Exercise objective:
Retype the lines of the listing below exactly, but only those from the one containing "Write equations for" through the last line; pictures stay out.

Data supplied:

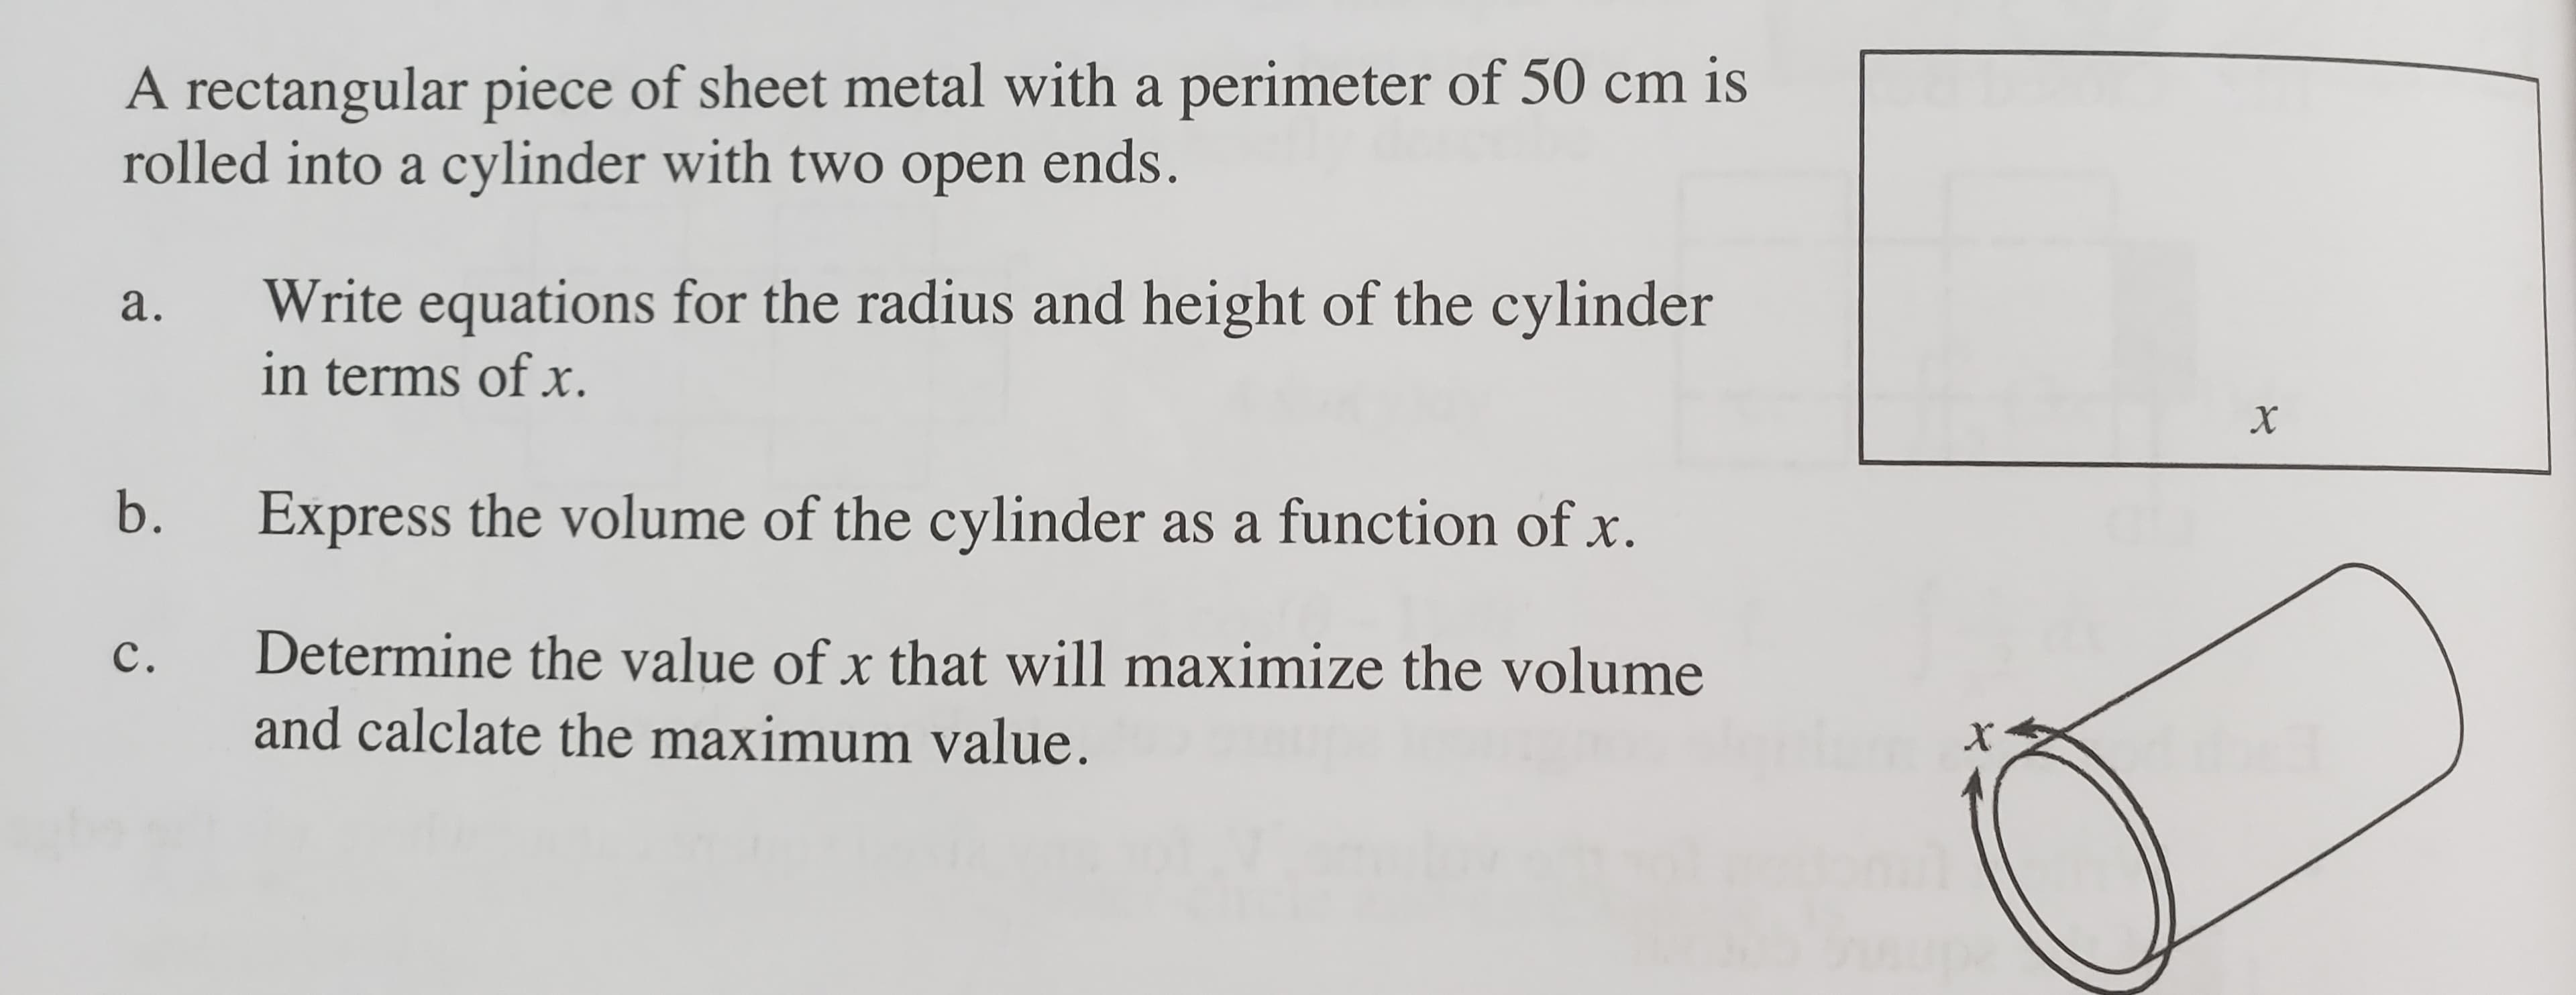 A rectangular piece of sheet metal with a perimeter of 50 cm is
rolled into a cylinder with two open ends.
Write equations for the radius and height of the cylinder
in terms of x.
а.
b.
Express the volume of the cylinder as a function of x.
с.
Determine the value of x that will maximize the volume
and calclate the maximum value.
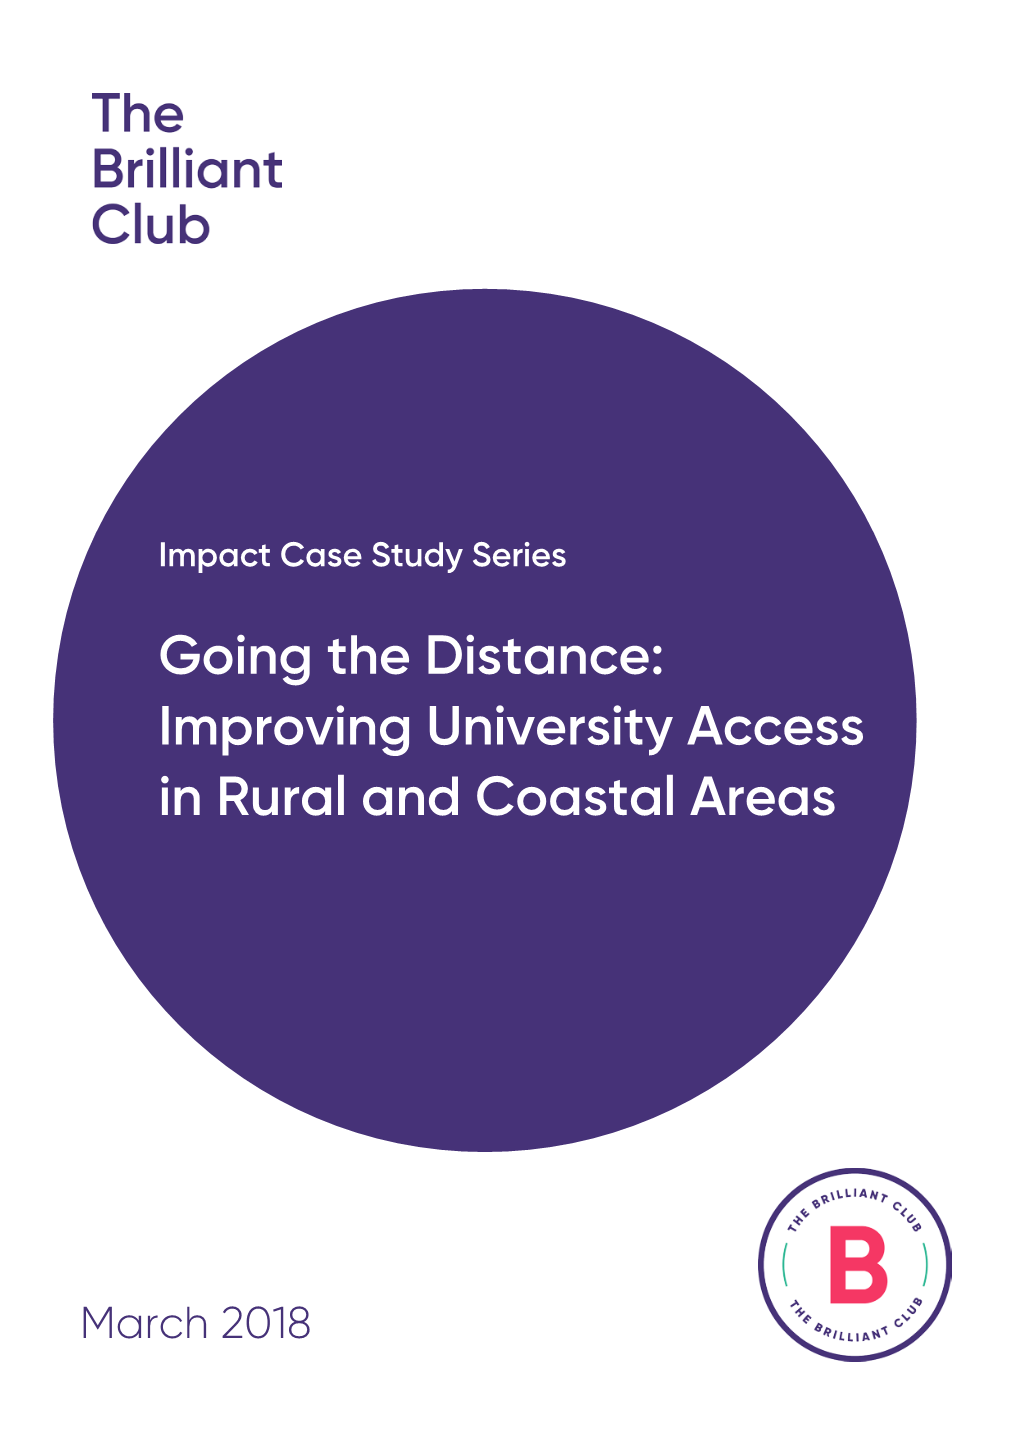 Improving University Access in Rural and Coastal Areas

Result below:
Write equations for the radius and height of the cylinder
in terms of x.
а.
b.
Express the volume of the cylinder as a function of x.
с.
Determine the value of x that will maximize the volume
and calclate the maximum value.
 Improving University Access in Rural and Coastal Areas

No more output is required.